Jim Watt MBE

Personal information
- Nationality: Scottish
- Born: James Park Watt 18 July 1948 (age 77) Glasgow, Scotland
- Weight: Lightweight

Boxing career
- Stance: Southpaw

Boxing record
- Total fights: 46
- Wins: 38
- Win by KO: 27
- Losses: 8

= Jim Watt (boxer) =

Scottish boxer

Jim Watt MBE (born 18 July 1948) is a Scottish former boxer and commentator who became world champion in the lightweight division when Roberto Durán left the title vacant in 1979 and the WBC had him fight Alfredo Pitalua. Watt knocked out Pitalua in twelve rounds.

==Boxing career==
Raised in the Bridgeton and Possilpark neighbourhoods of Glasgow, Watt trained at Cardowan Amateur Boxing Club in the city's Maryhill district. His father died when Jim was five years old. He came to prominence in 1968 by beating John H. Stracey to the ABA Championships; he turned professional immediately afterwards, declining the chance to compete as an amateur at the 1968 Summer Olympic Games in Mexico City.

Watt beat such notables as future world champion Sean O'Grady, former world champion Perico Fernandez, Charlie Nash and Howard Davis Jr. The fight with O'Grady was particularly controversial: Watt won by a knockout in round twelve when the referee stopped the fight because of a cut suffered by O'Grady. According to the book, The Ring: Boxing The 20th Century, the cut was produced by a head-butt, in which case the judges' scorecards would have been checked, and whoever was ahead given the win by a technical decision, Watt was ahead on all the scorecards. The referee, however, declared that O' Grady's cut had been produced by a punch and Watt officially won the fight by technical knockout.

Watt had also fought, and lost to, Ken Buchanan after 15 rounds in 1973. On 20 June 1981, he fought his last fight, when losing the WBC world Lightweight title to Alexis Argüello by a 15-round decision in London.
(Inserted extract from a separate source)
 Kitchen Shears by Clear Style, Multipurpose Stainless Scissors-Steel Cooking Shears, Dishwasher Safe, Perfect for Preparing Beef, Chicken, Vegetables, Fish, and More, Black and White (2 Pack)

The three judges' scores were 147–143, 147–143 and 147–137. Watt retired with a record of 38 wins (27 by knockout) and 8 losses (3 by knockout).

== After boxing ==
Watt was appointed Member of the Order of the British Empire (MBE) in the 1980 Birthday Honours for services to boxing. He was long-term co-commentator with Reg Gutteridge on ITV's The Big Fight Live and moved with Gutteridge to Sky Sports in 1996 when ITV withdrew from boxing coverage. During 2016, Watt announced his retirement as a boxing commentator.
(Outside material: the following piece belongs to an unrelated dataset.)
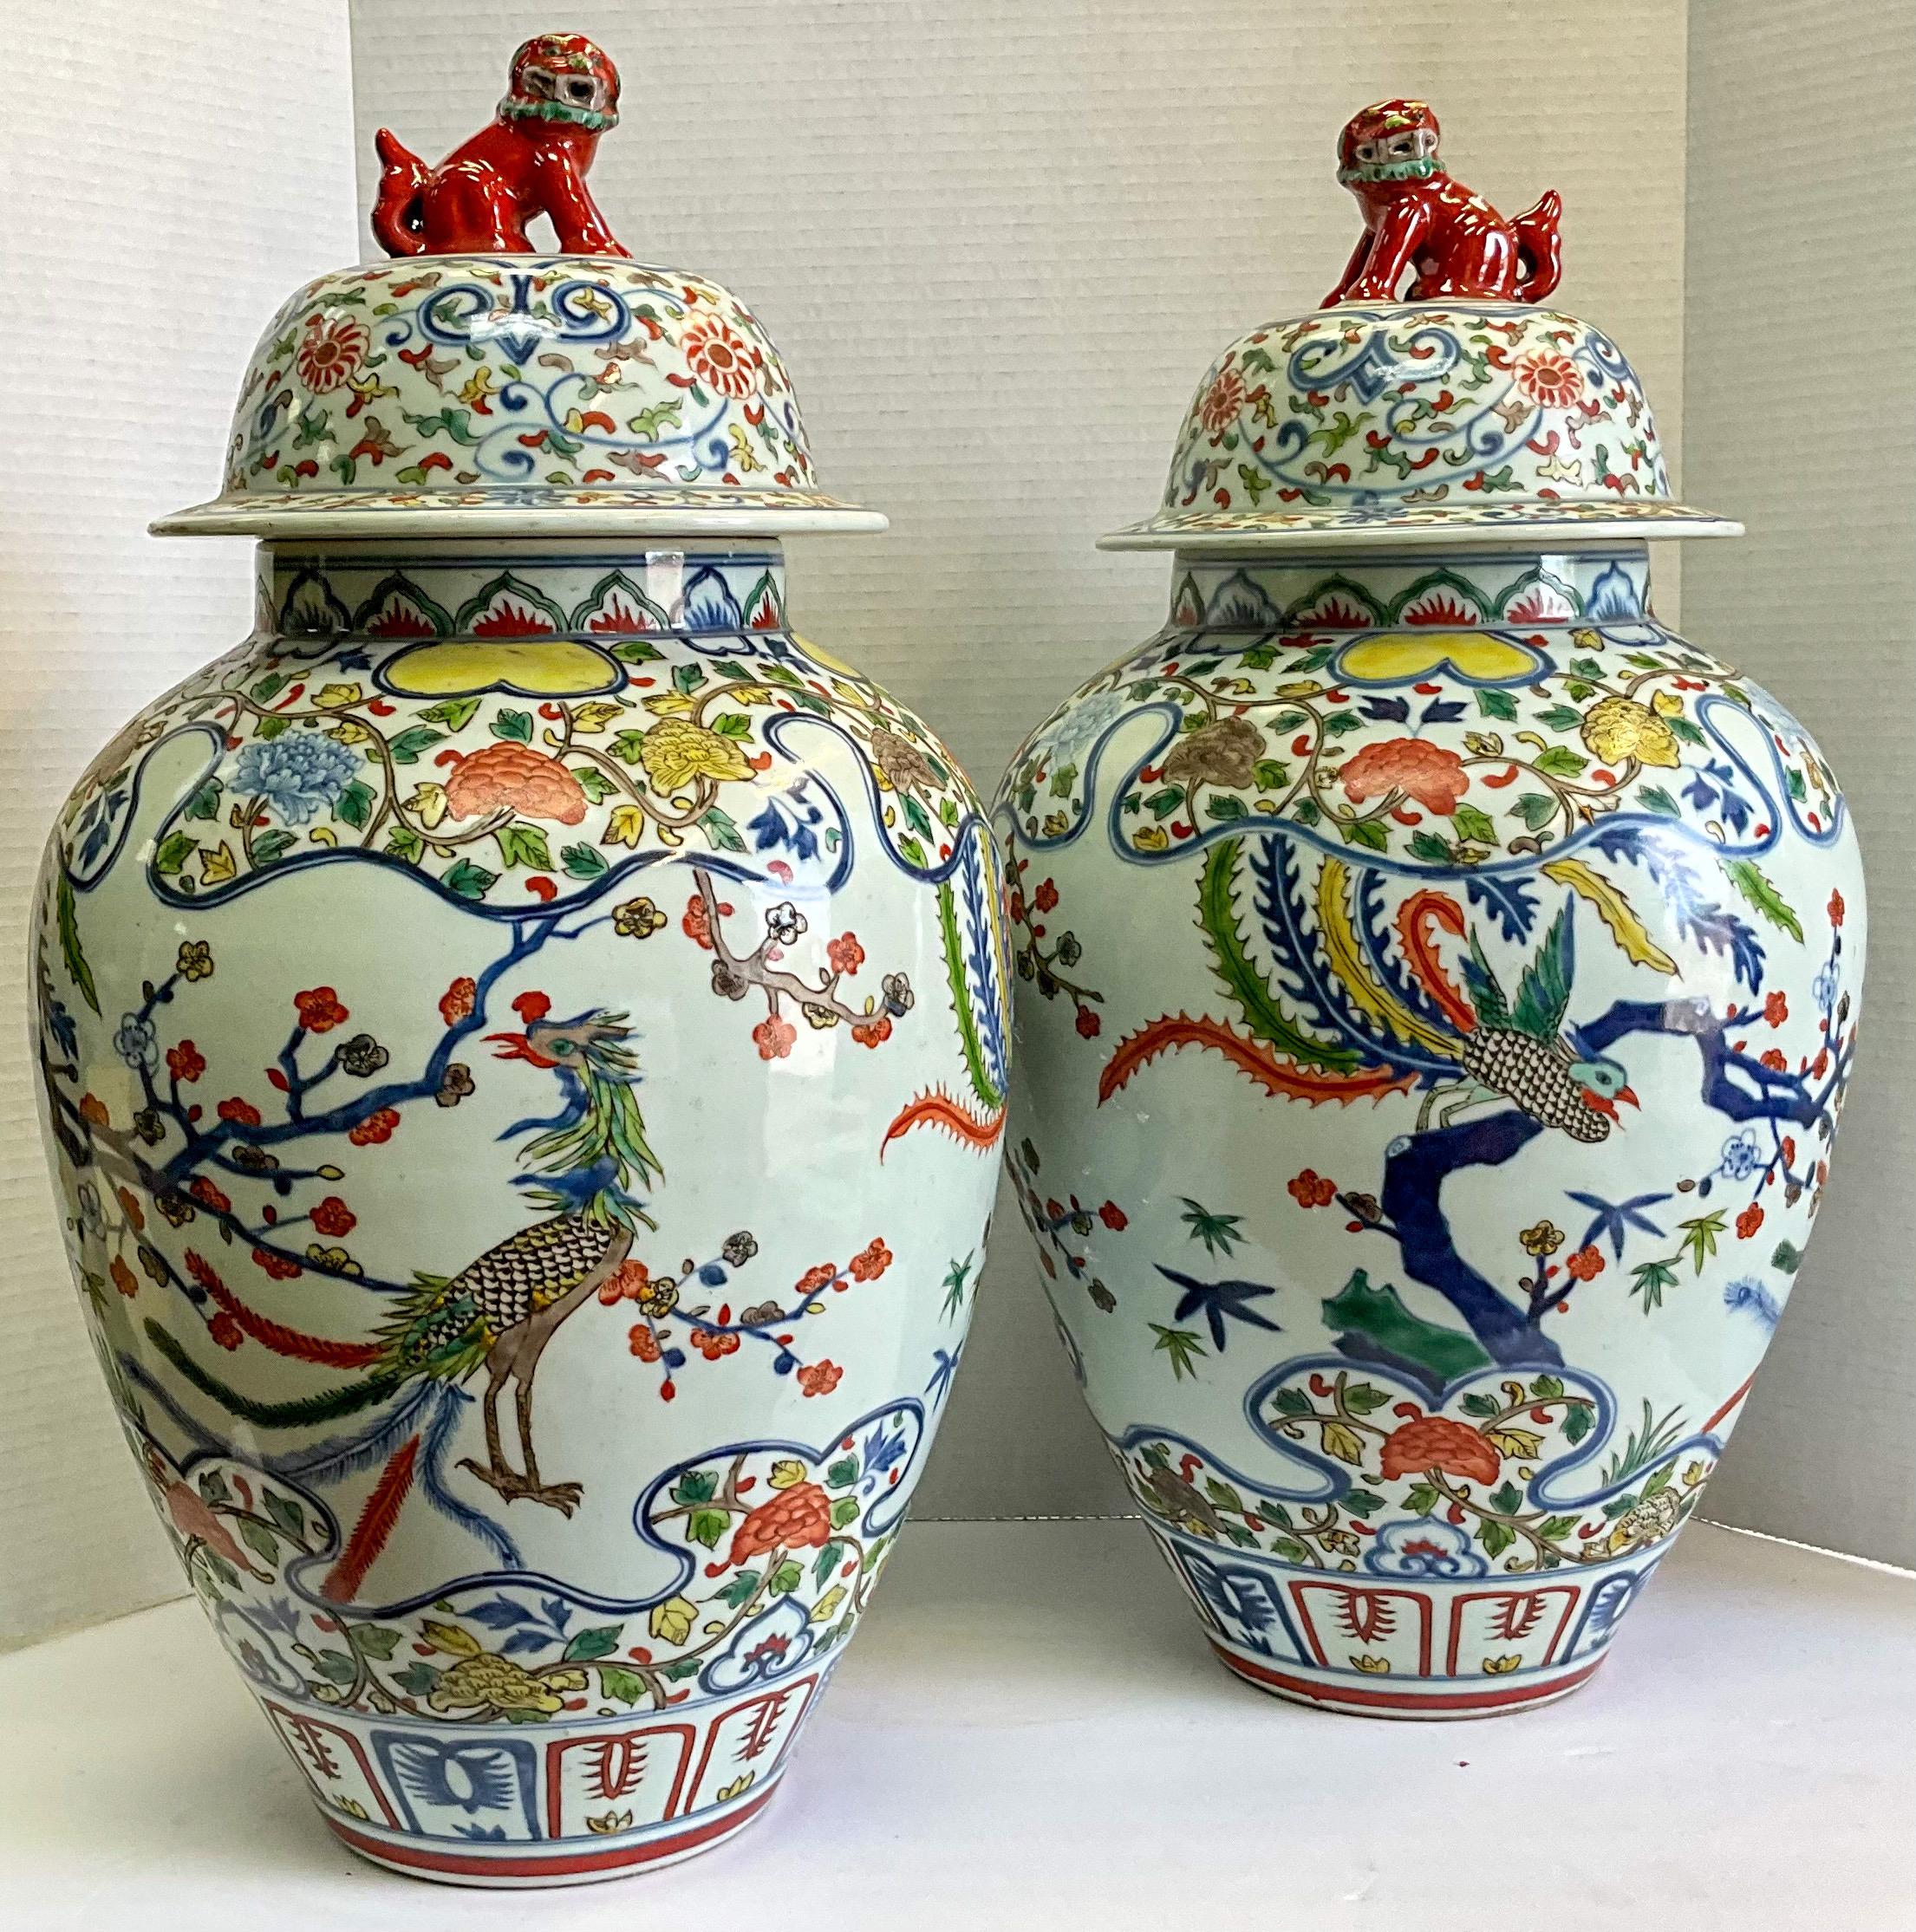 This is a pair of large scale Chinese ginger jars with vivid bird motifs and bright coral foo dog finials. The birds appear to be some sort of pheasant. The colors really make them quite unique. They are marked.

Watt made a special guest appearance on the BBC's Still Game sitcom in August 2007, as well as television adverts for Kelvin Timber (a Scottish home and building supplies stores company) in the 1980s. He and his family settled in the town of Kirkintilloch to the north of Glasgow.

== Personal life==
In June 2015, Watt's 38-year-old daughter Michelle Watt took her own life after suffering chronic headaches caused by a spinal operation. She appeared in various programmes as a television hostess, including 60 Minute Makeover. Watt's 17-year-old son James died in a car crash in 1995.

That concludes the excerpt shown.